I think of every opportunity as being a different dartboard with different
values. These were just examples of _A_ small startup and _A_ big startup.

It's our responsibility as an entrepreneurs to pick the board that best fits
our risk profiles for the best cost.

Not all boards have a positive EV.

The "use dad's connections to buy my product" startup board is just 1 big fat
positive number (imagine some nearly "risk free" opportunity)

The "punch people in the nuts for a dollar" startup looks like a board of all
zeros (as far as I know, most guys aren't interested in this service)

------
ernestipark
As someone who is currently struggling with finding an apartment to live in, I
hope to God your startup becomes popular. Awful, incompetent real estate
agents, terrible PDF forms that don't work properly on a computer, and an
overall terrible process has stressed me out these past few weeks.

------
devs1010
'Rocket Lease is me saying that 40k a year would be life changing for me'

I really don't get this line of thinking.
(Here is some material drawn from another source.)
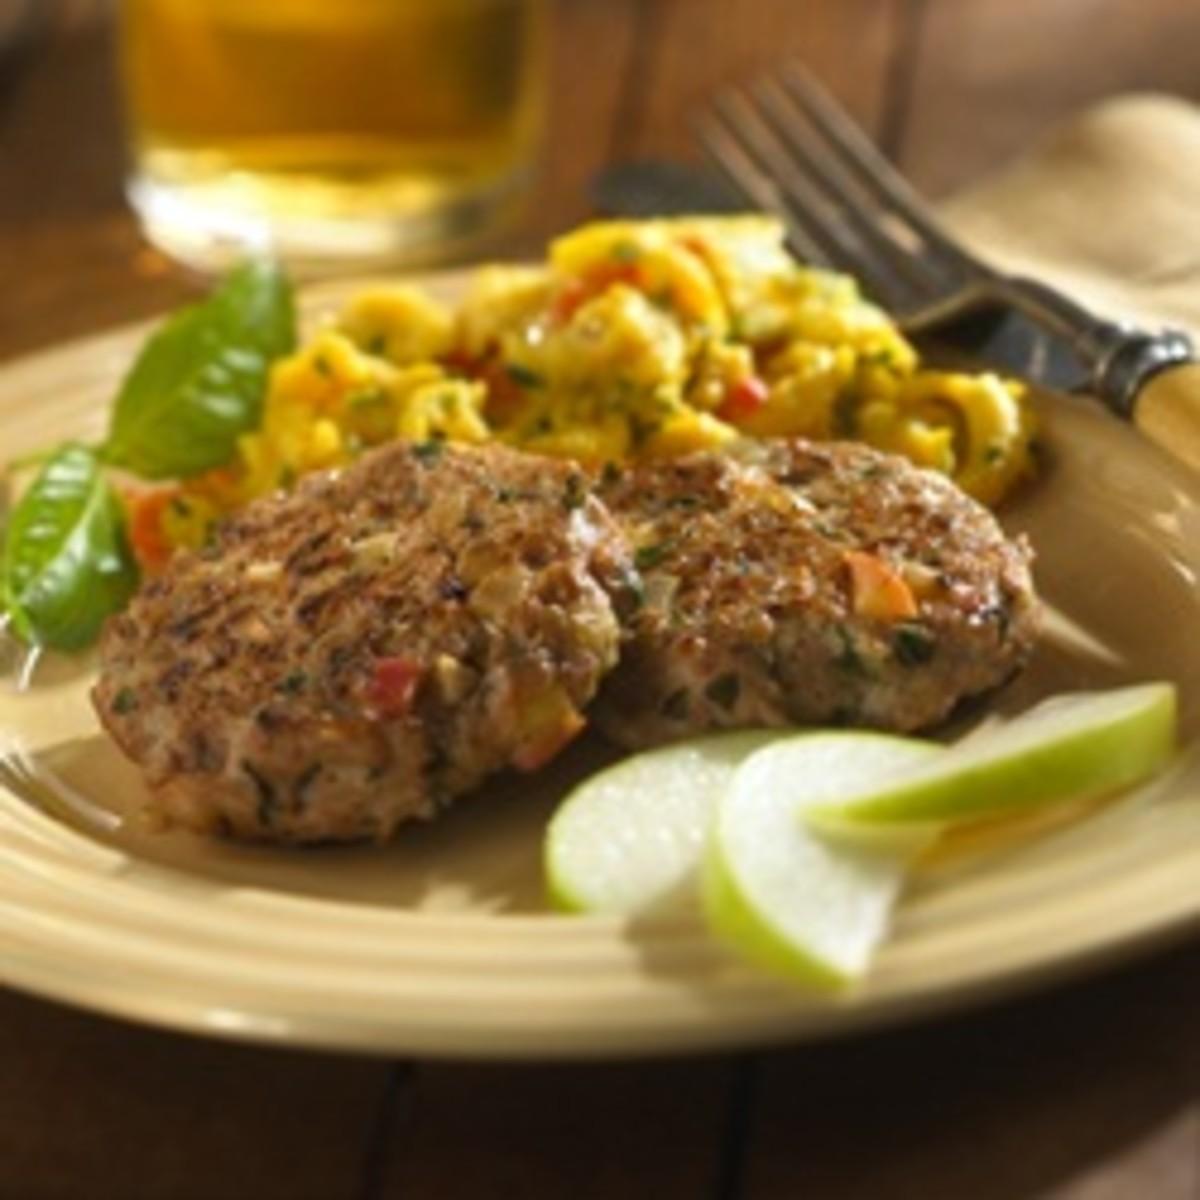 Chicken, Apple and Basil Sausage Patties

I'm assuming the author isn't a
programmer as otherwise I don't see how 40k a year would be an acceptable or
life changing amount of money, and, if he isn't, then why not learn to code?
Or maybe I'm just missing something and the intent is this is only a part-time
project that doesn't take up much time so any money it makes is just extra
(and 40k extra per year would be welcome by most people I'm sure).. honestly
I'm curious, as while I have an interest in entrepreneurship, the potential
payoff would have to be fairly high as being able to simply work as a
programmer for others already provides a fairly decent quality of life.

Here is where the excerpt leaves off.